### Directions
Strip the pictures, then copy the remaining data exactly as it stands.

### Information supplied

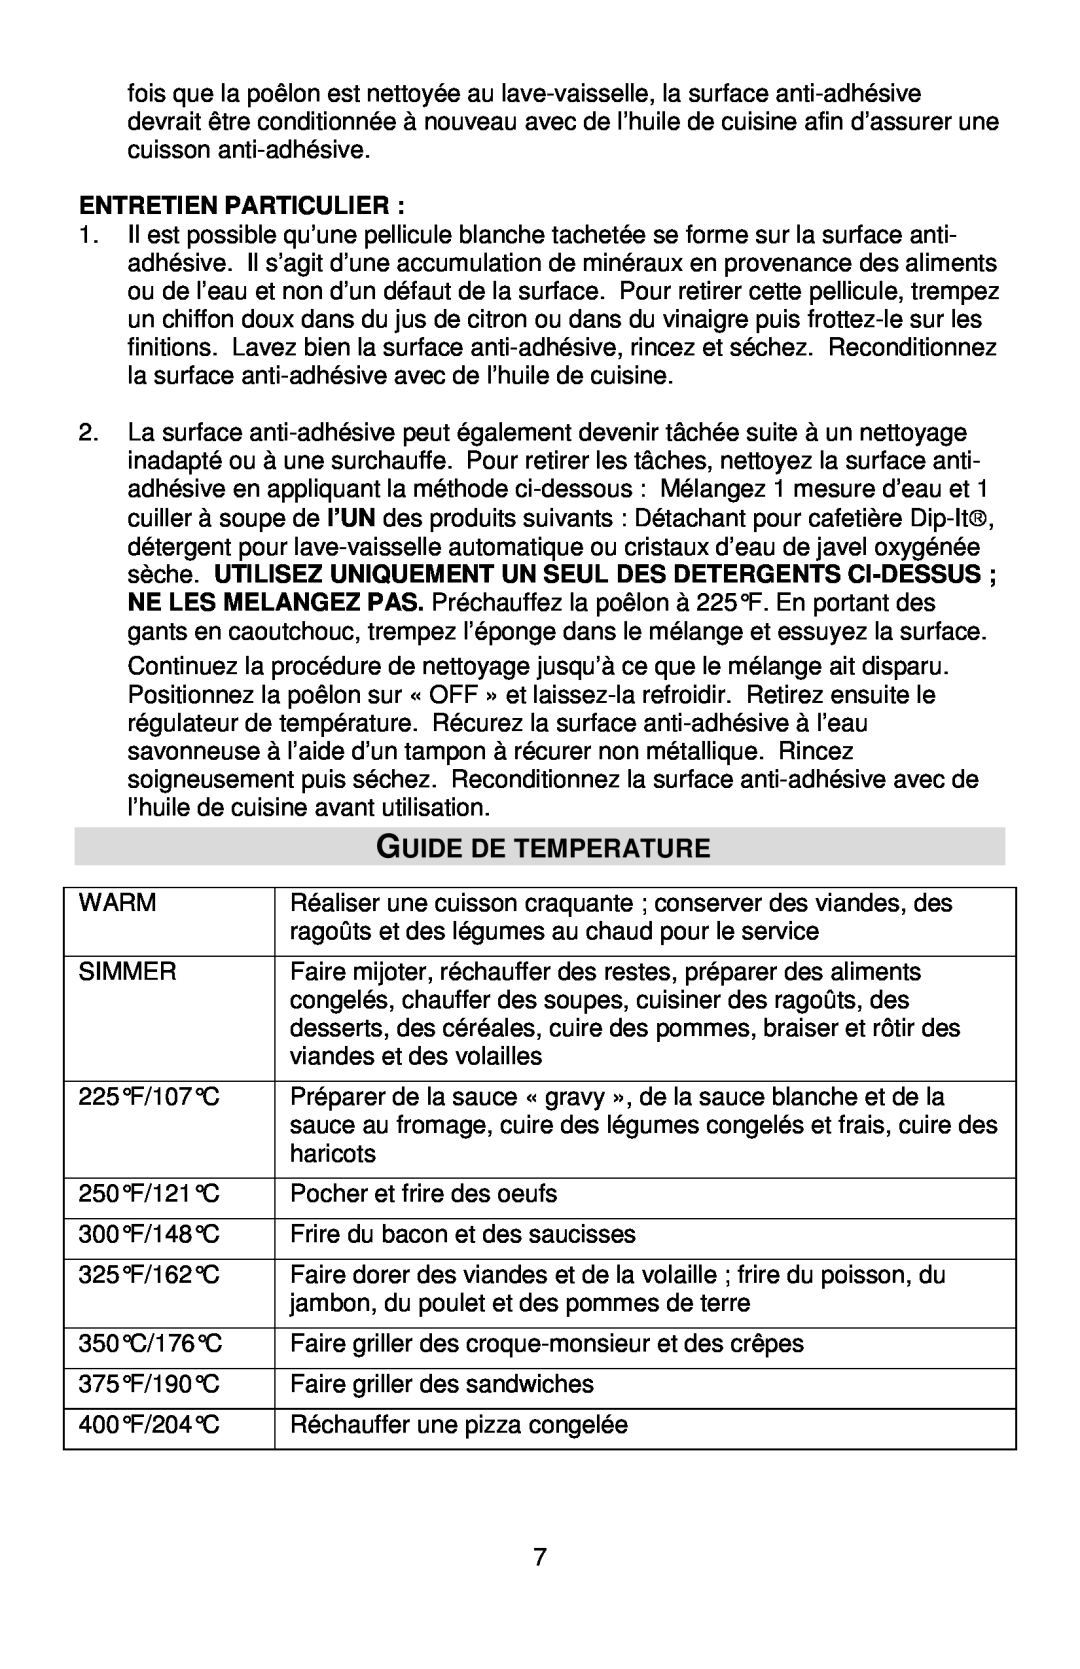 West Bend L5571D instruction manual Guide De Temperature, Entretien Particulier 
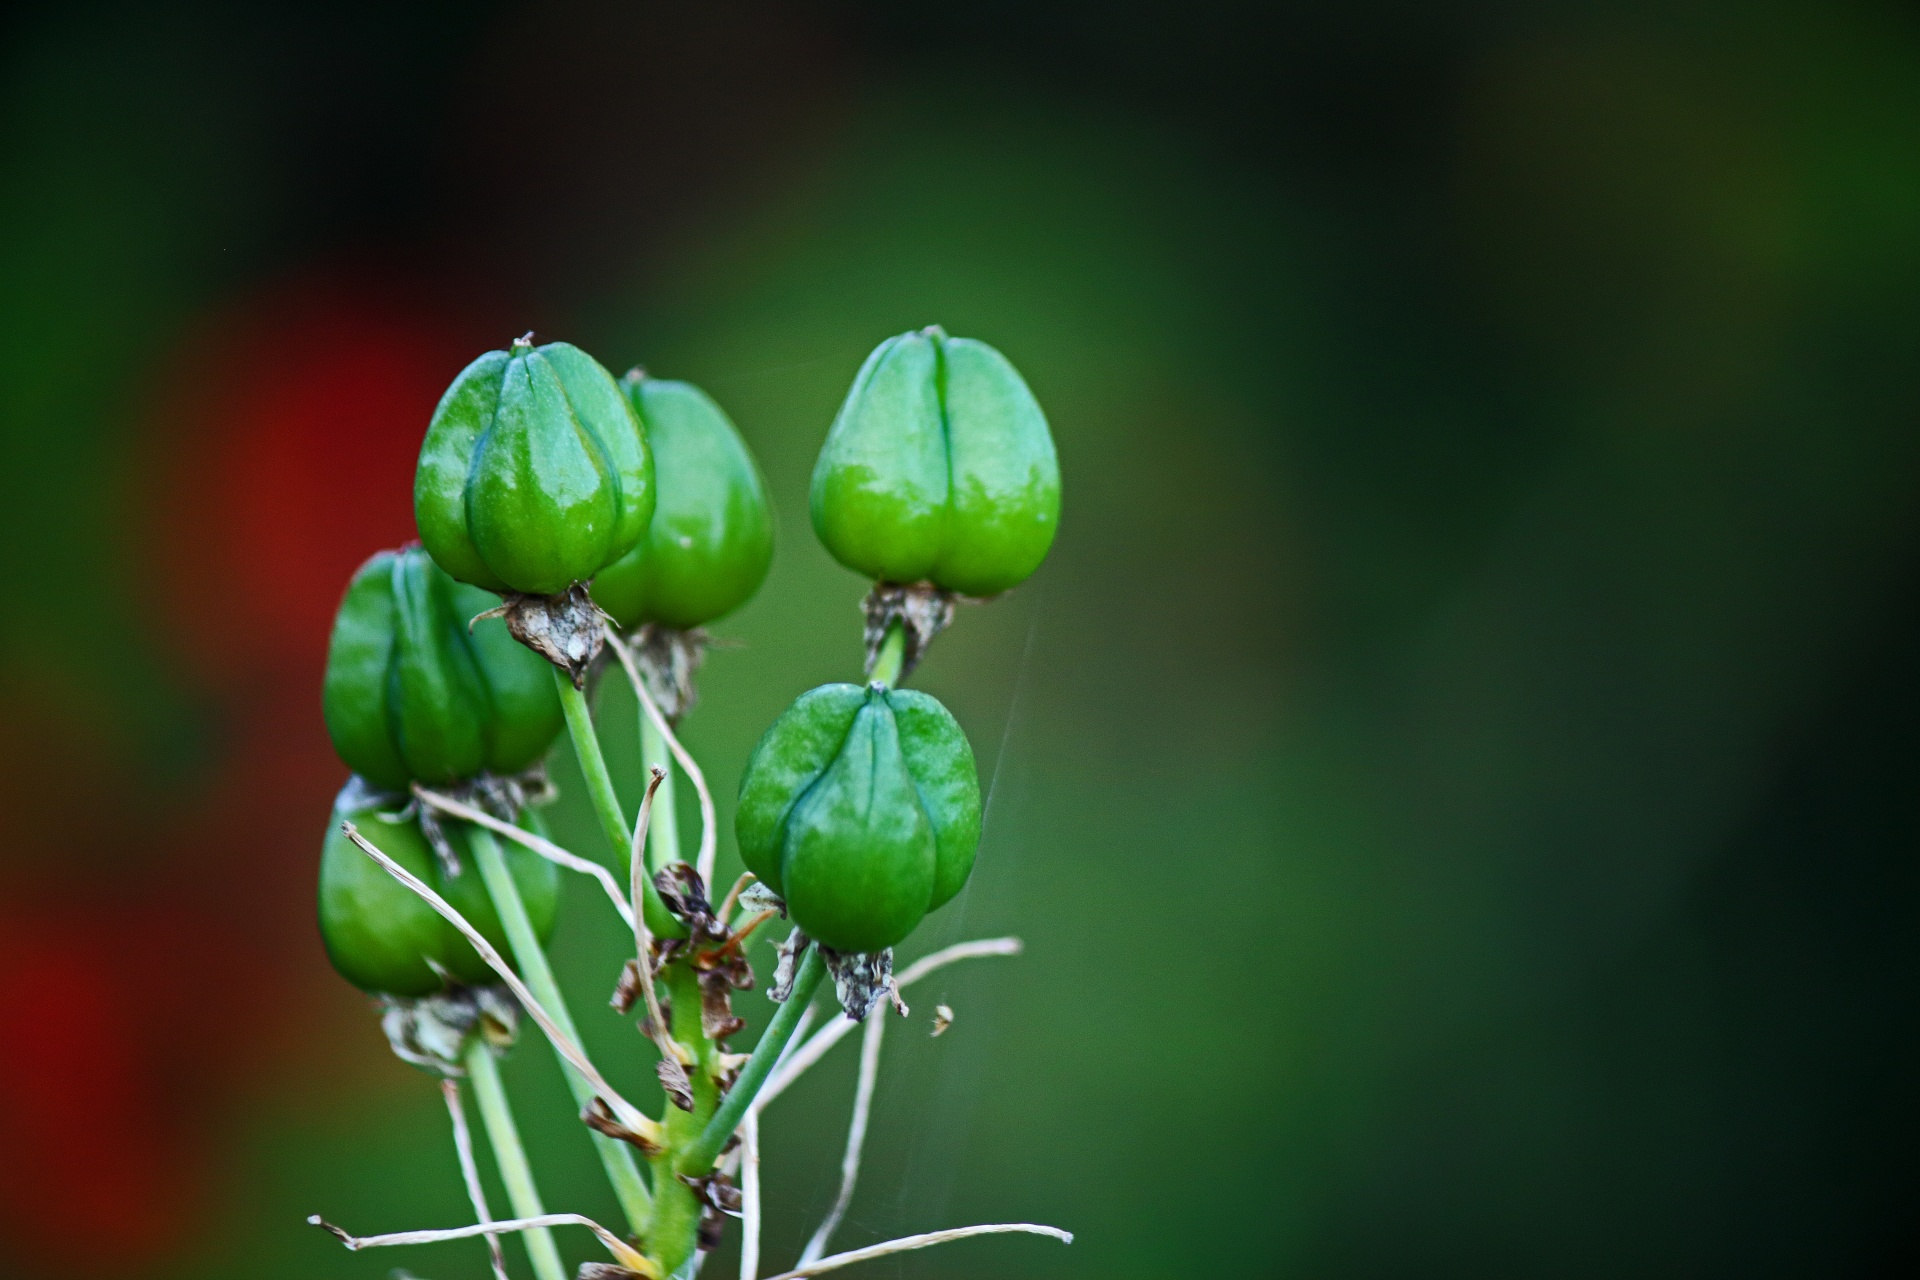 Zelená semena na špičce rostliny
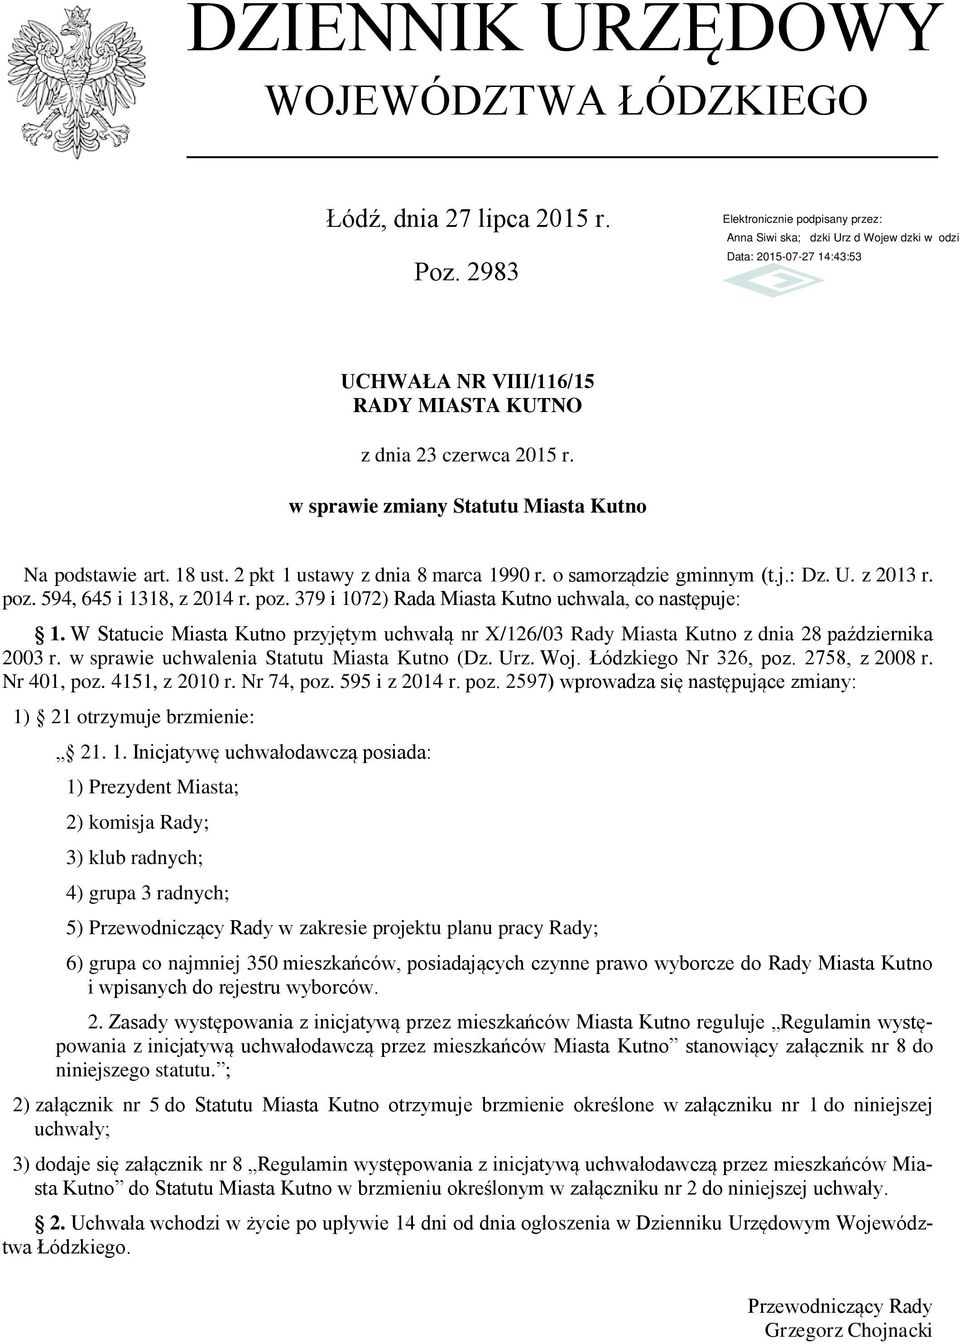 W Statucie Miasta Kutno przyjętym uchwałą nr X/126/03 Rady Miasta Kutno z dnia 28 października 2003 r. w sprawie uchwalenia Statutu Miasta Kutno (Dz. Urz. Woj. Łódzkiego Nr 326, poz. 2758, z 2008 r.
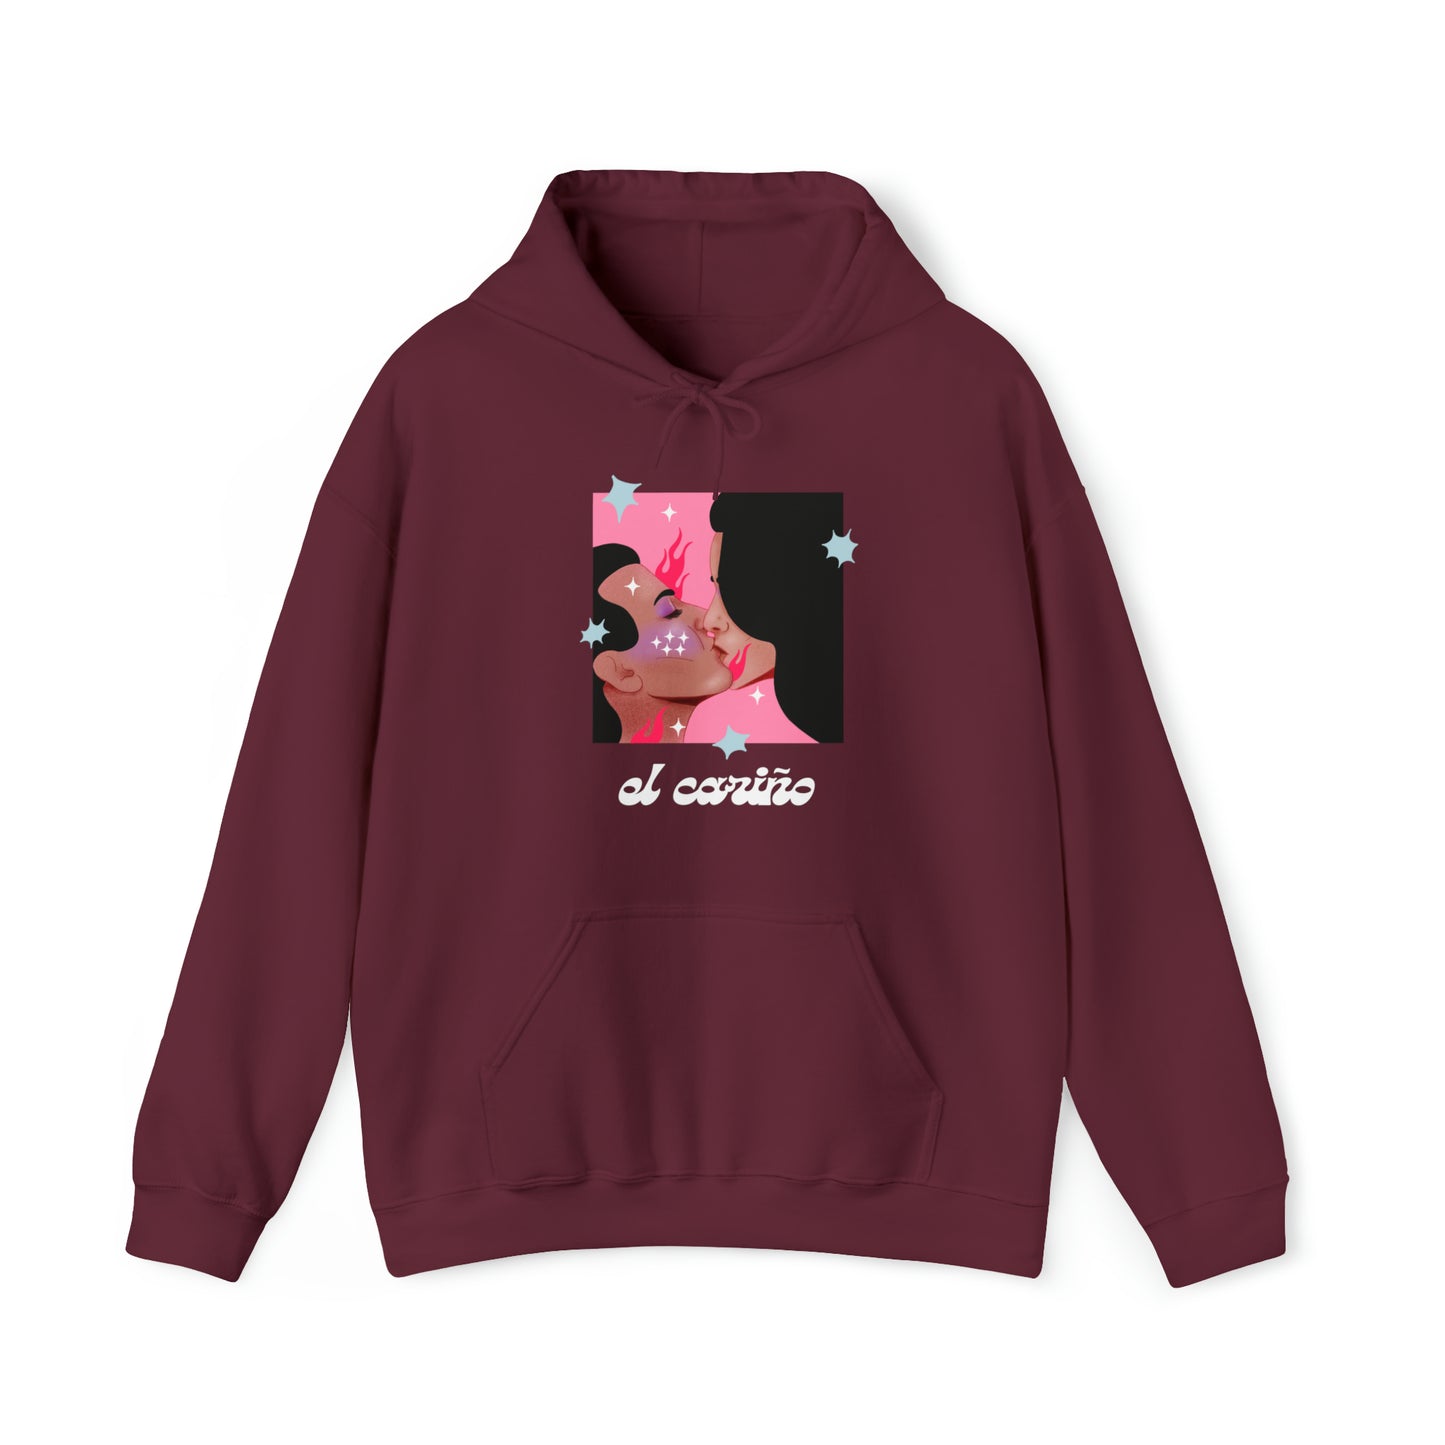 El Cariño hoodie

### Reply
 West Bend L5571D instruction manual Guide De Temperature, Entretien Particulier 
 Zelená semena na špičce rostliny
 W Statucie Miasta Kutno przyjętym uchwałą nr X/126/03 Rady Miasta Kutno z dnia 28 października 2003 r. w sprawie uchwalenia Statutu Miasta Kutno (Dz. Urz. Woj. Łódzkiego Nr 326, poz. 2758, z 2008 r.
 El Cariño hoodie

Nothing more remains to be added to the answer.